Sta 242 / Env 255 Lab 2
Burning fuels produce air pollutants that return to earth as acid rain, affecting wildlife in lakes and streams. Declines in aquatic life have occurred downwind of industrial regions in parts of Europe, the Rocky Mountains, and the northeastern U.S.
The data come from 15 tributaries of Millers River in north-central Massachusetts. For each stream, we know the average pH and the number of fish species observed during the summer of 1983. pH measures acidity; the more acidic the stream, the lower its pH. Pure water has a pH of 7.0; vinegar is about 3.0.
The data in acidfish.txt are taken from D. Halliwell (Committee on Monitoring and Asessment Trends in Acid Deposition, 1986) and consist of:
We wish to explore the relationship between acidity and fish species.
Calculate the linear correlation coefficient, r. Splus directions. A range of pH 6.5 to pH 8.2 is optimal for most organisms. Suppose an EPA scientist wishes to rescale the data relative to a lower bound for pH. If 6.5 is subtracted from each of the average summer pH values, will the correlation coefficient change? Why or why not?

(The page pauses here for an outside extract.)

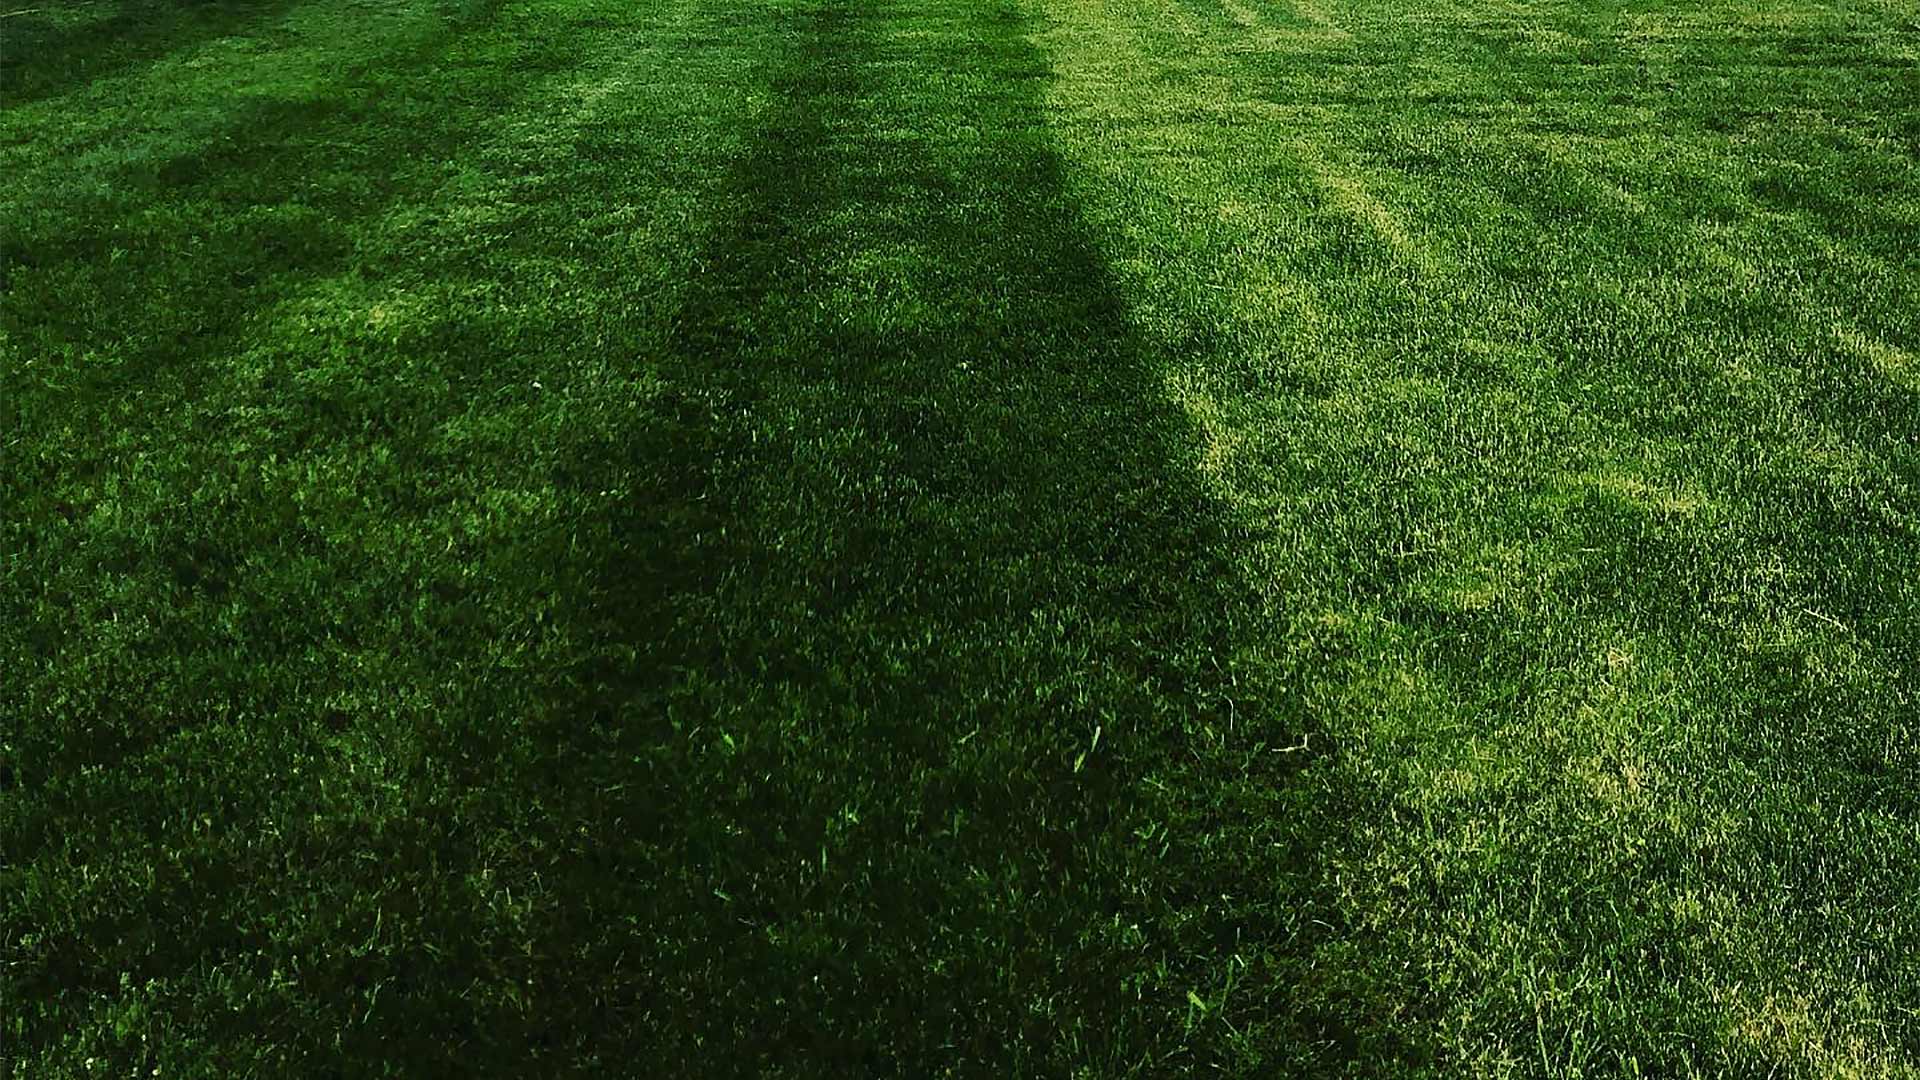 Green Bay, Wisconsin home with dark green, fertilized lawn grass.
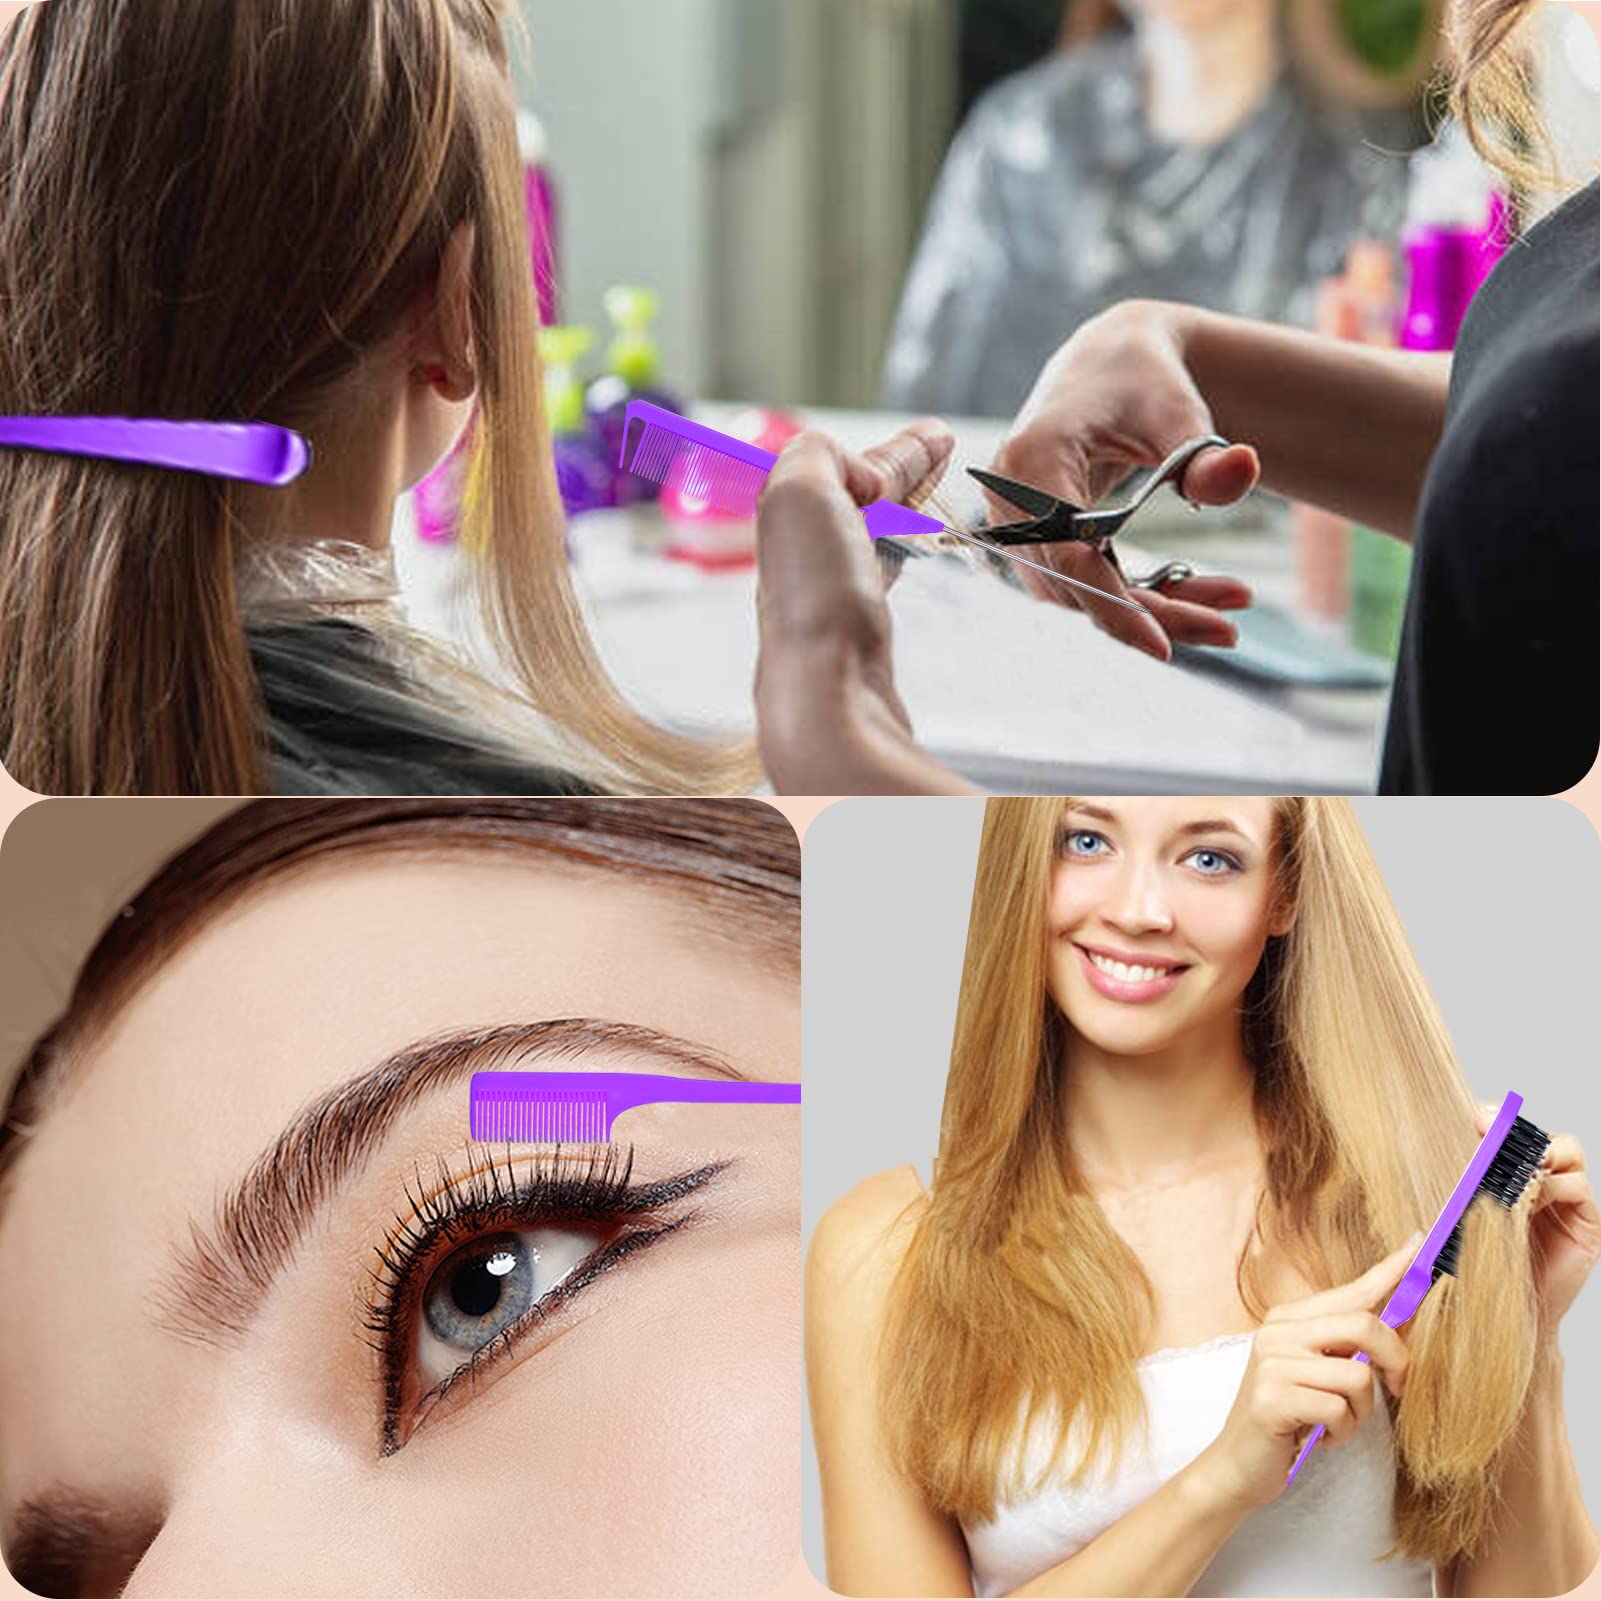 18 Pieces Hair Styling Comb Hair Brush Set, Nylon Teasing Hair Brush Rat Tail Comb

Does the correlation coefficient give a fair estimate of the strength of the association between number of species and pH? Why or why not? One issue to think about is "ecological correlation," which is summarized here. Look halfway down the web page under the heading "Ecological Correlation" and note the applet you can use to choose variables and look at different datasets.
Under what conditions would it be more appropriate to use the median or minimum of pH values as the x-variable?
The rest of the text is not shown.